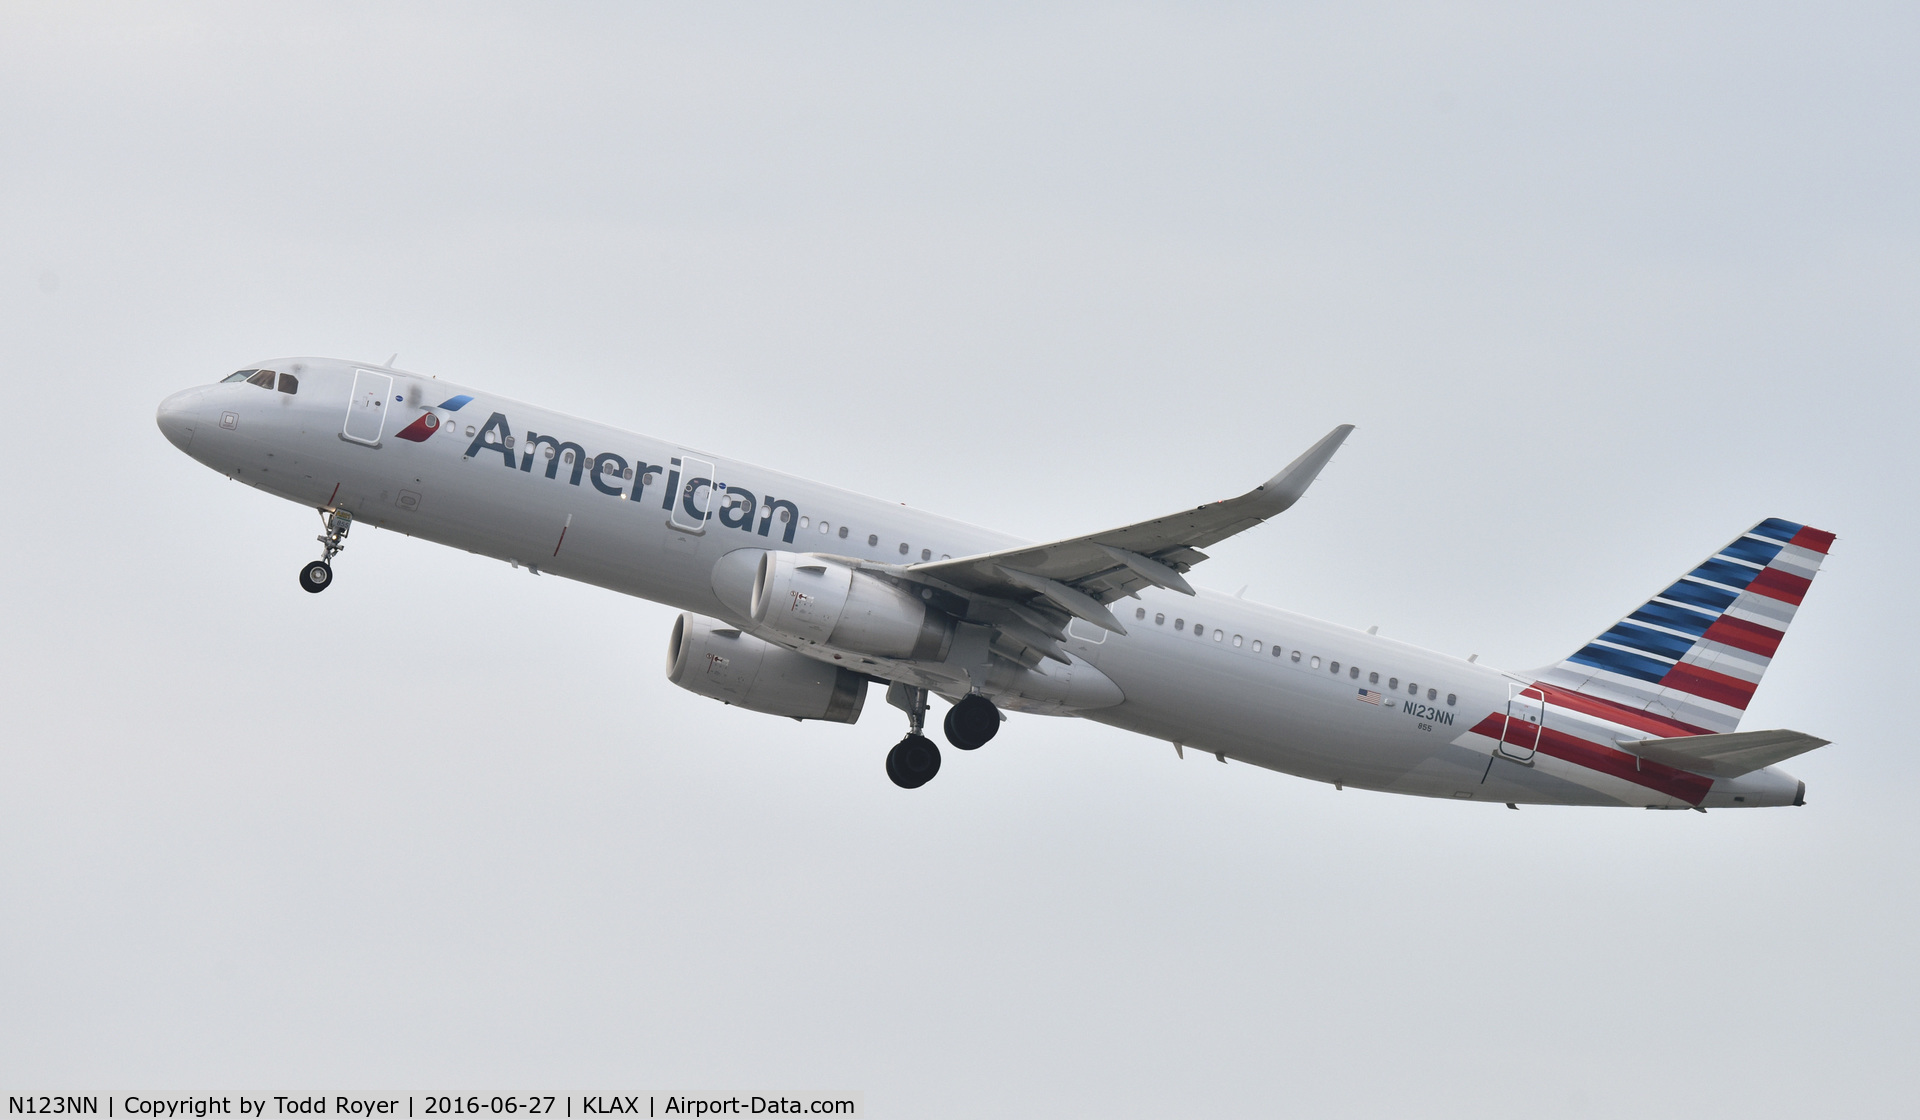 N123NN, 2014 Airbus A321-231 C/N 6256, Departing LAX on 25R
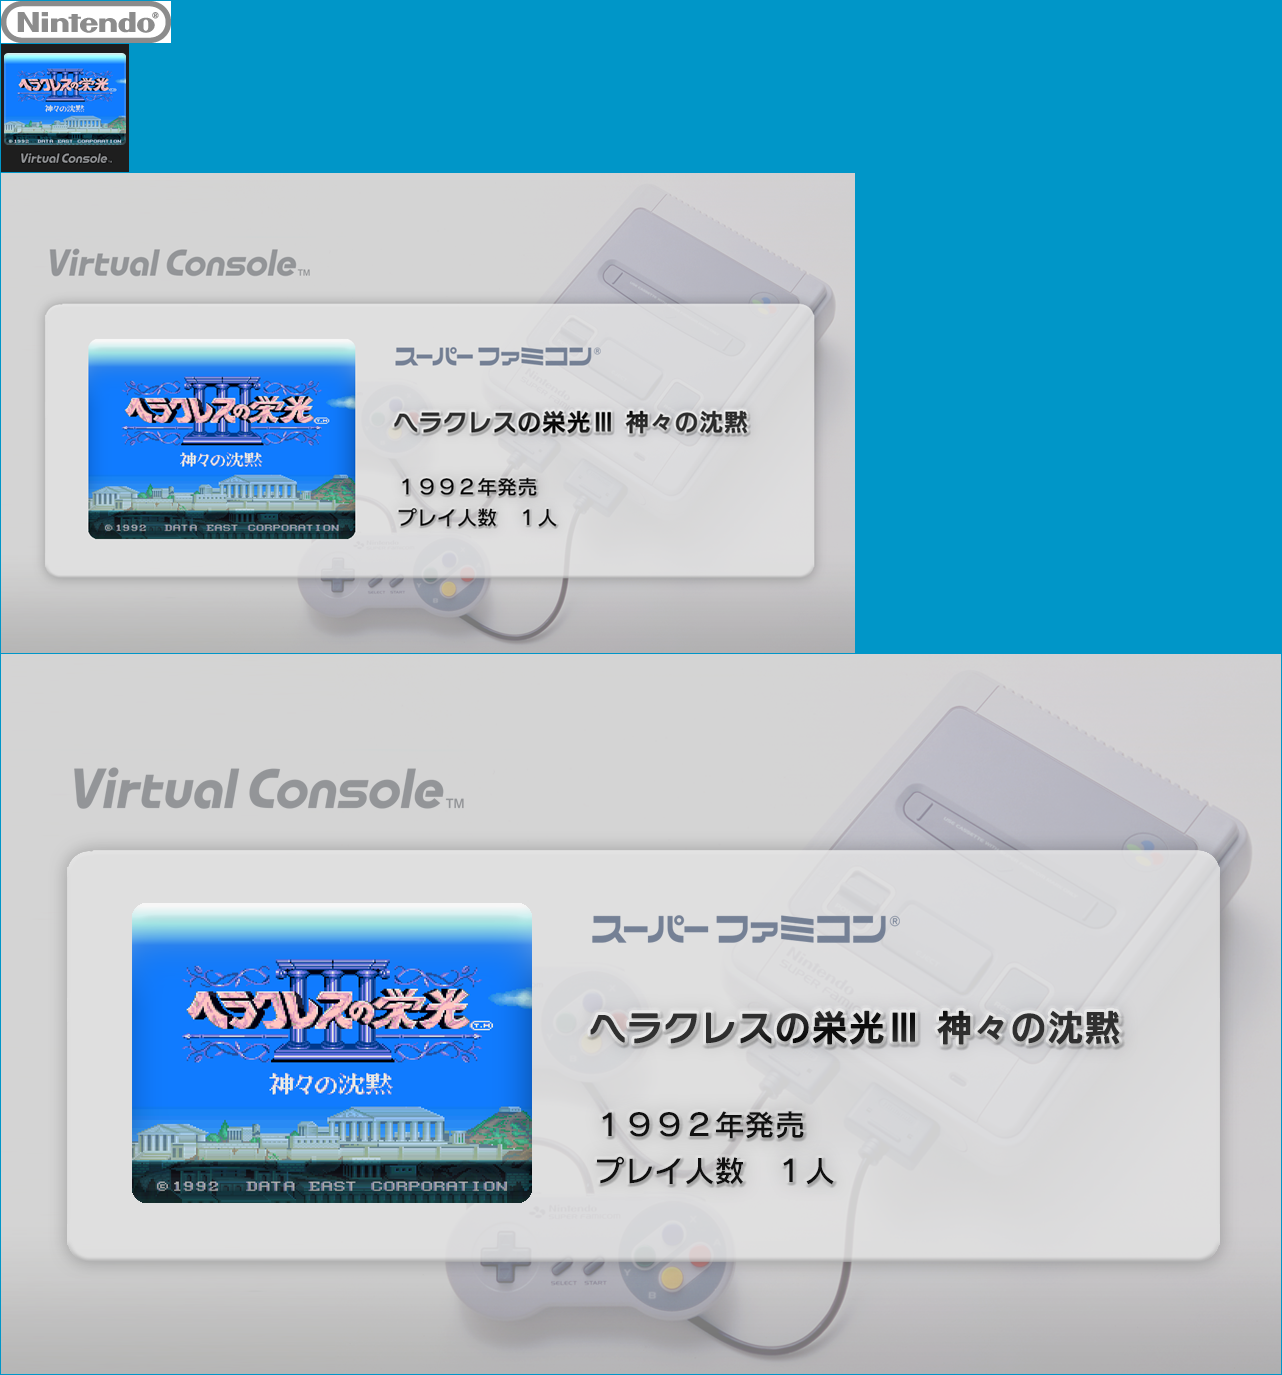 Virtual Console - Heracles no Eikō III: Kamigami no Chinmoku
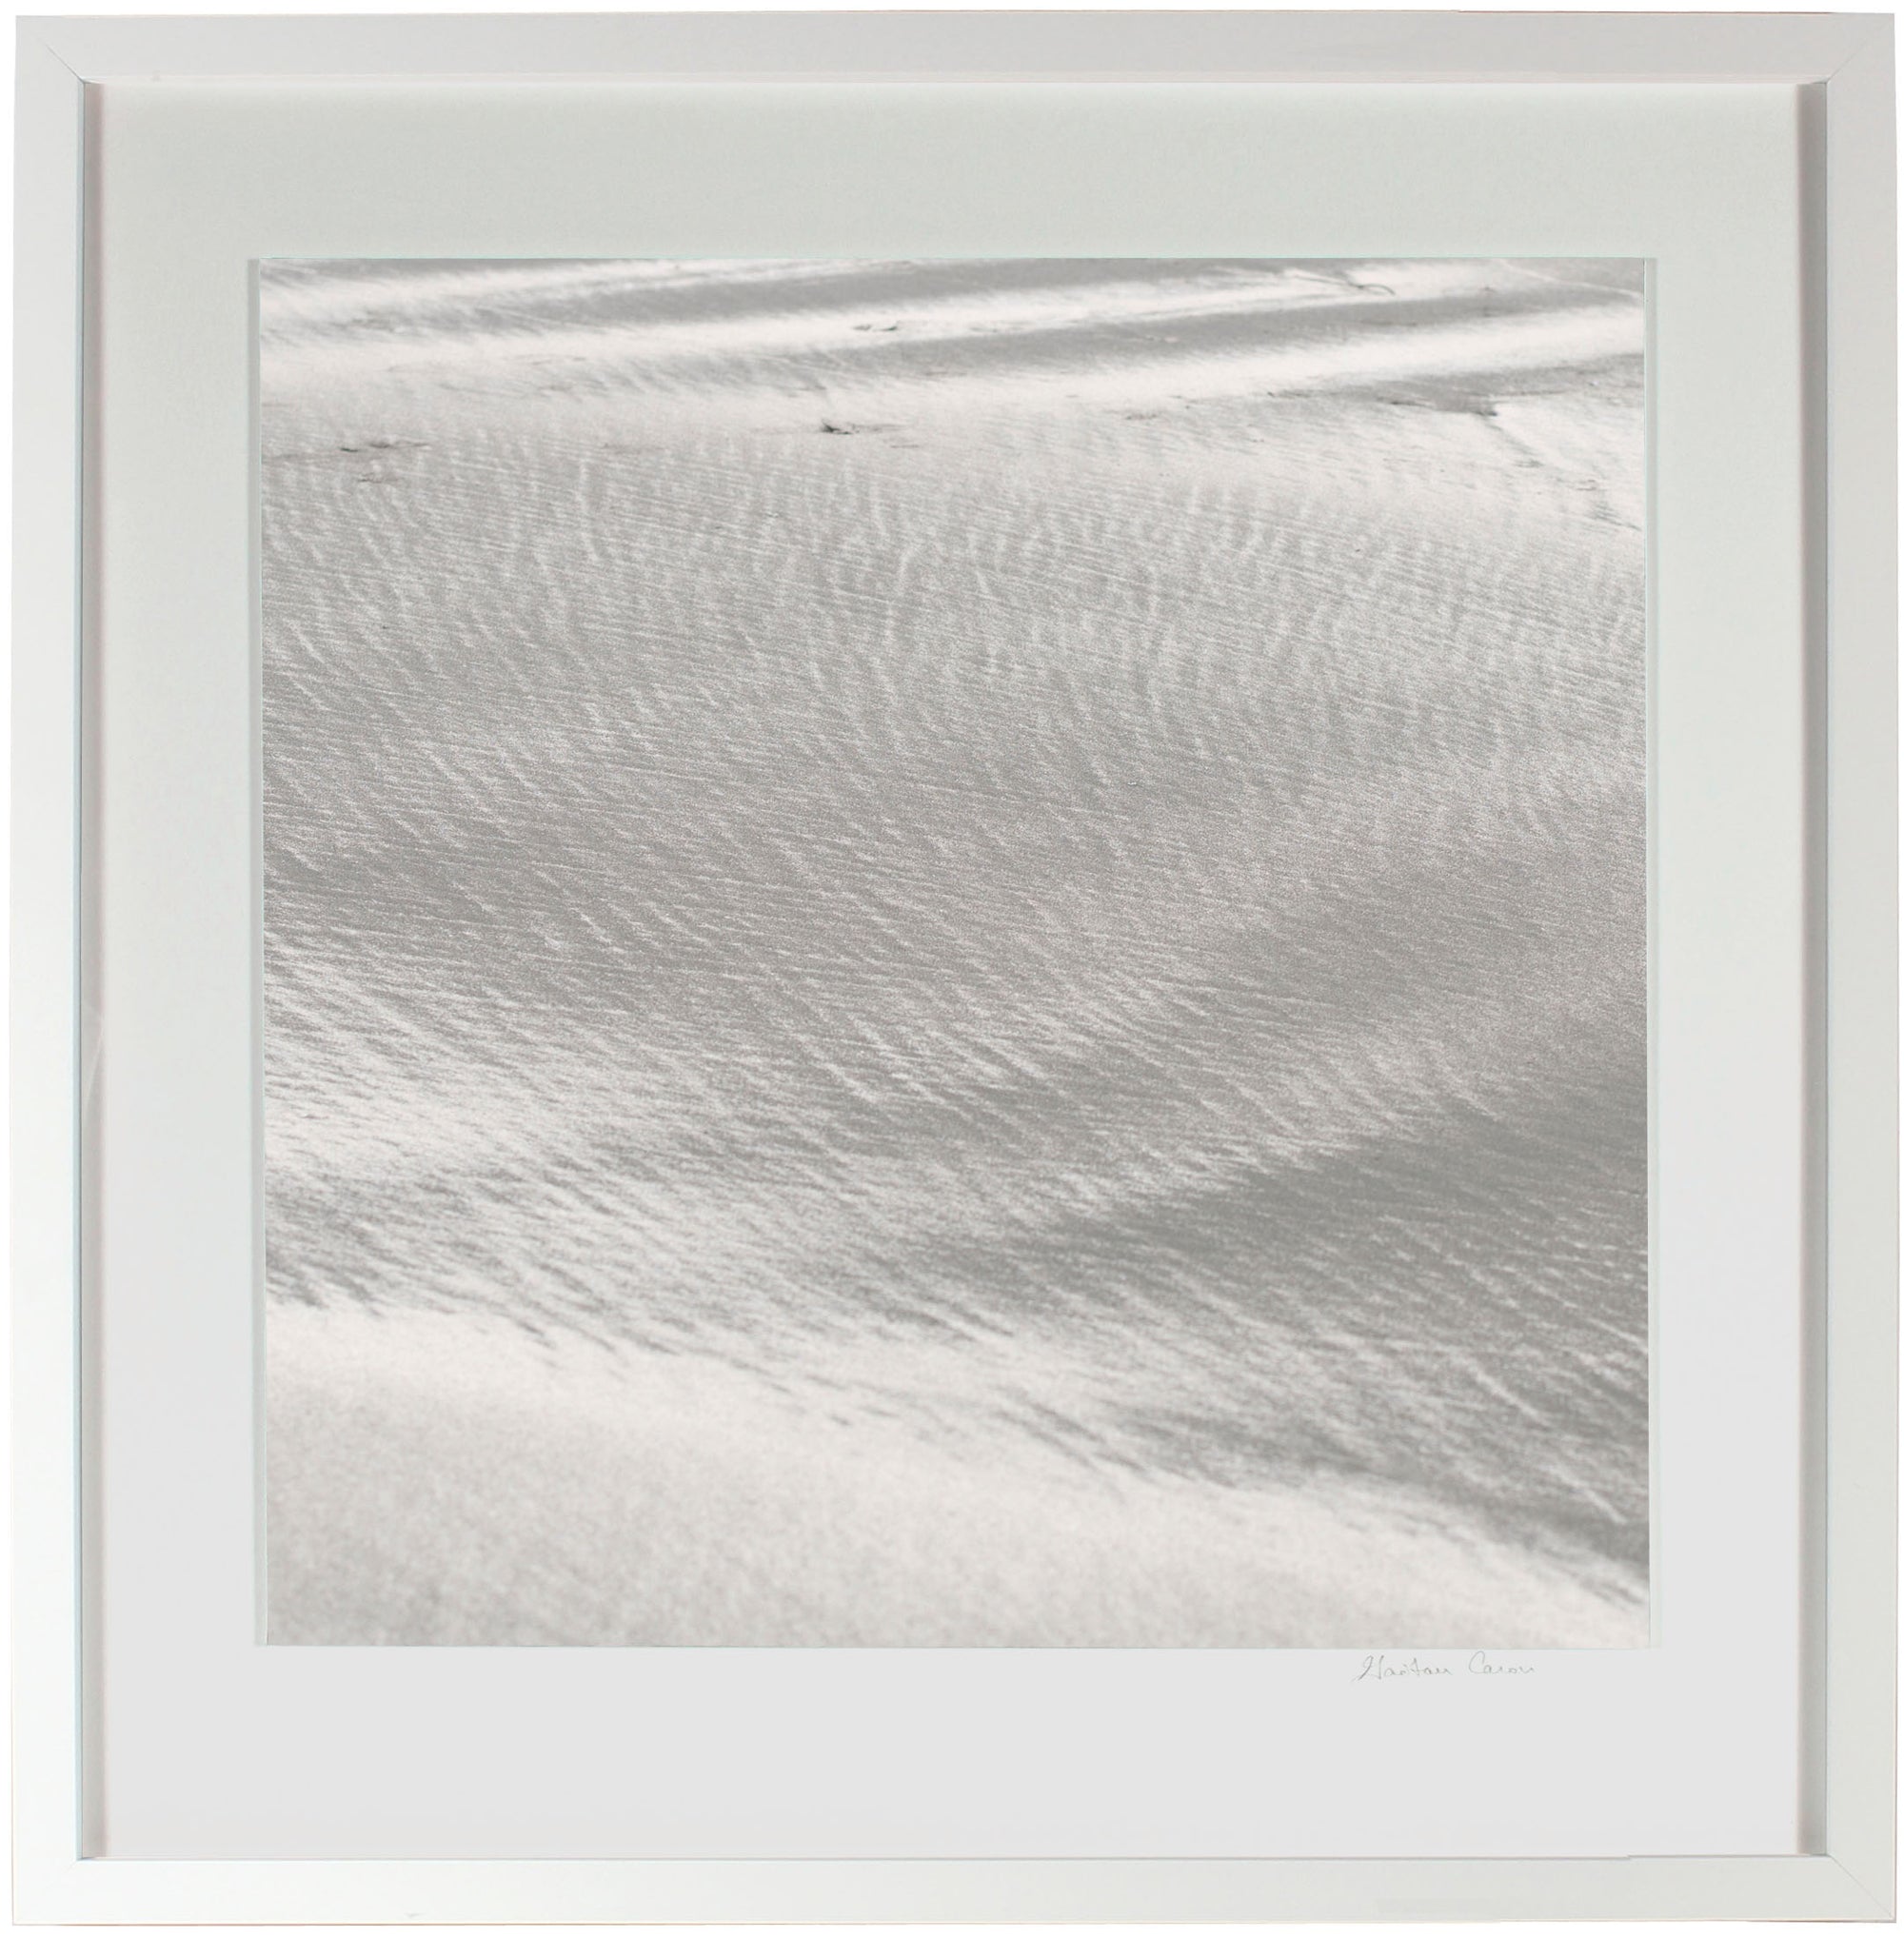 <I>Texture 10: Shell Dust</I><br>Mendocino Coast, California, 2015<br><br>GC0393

········

→ Exercise aim
Copy every line of the data exactly as written, excluding the pictures.

→ Output for this task
 N123NN, 2014 Airbus A321-231 C/N 6256, Departing LAX on 25R
 Virtual Console - Heracles no Eikō III: Kamigami no Chinmoku
 <I>Texture 10: Shell Dust</I><br>Mendocino Coast, California, 2015<br><br>GC0393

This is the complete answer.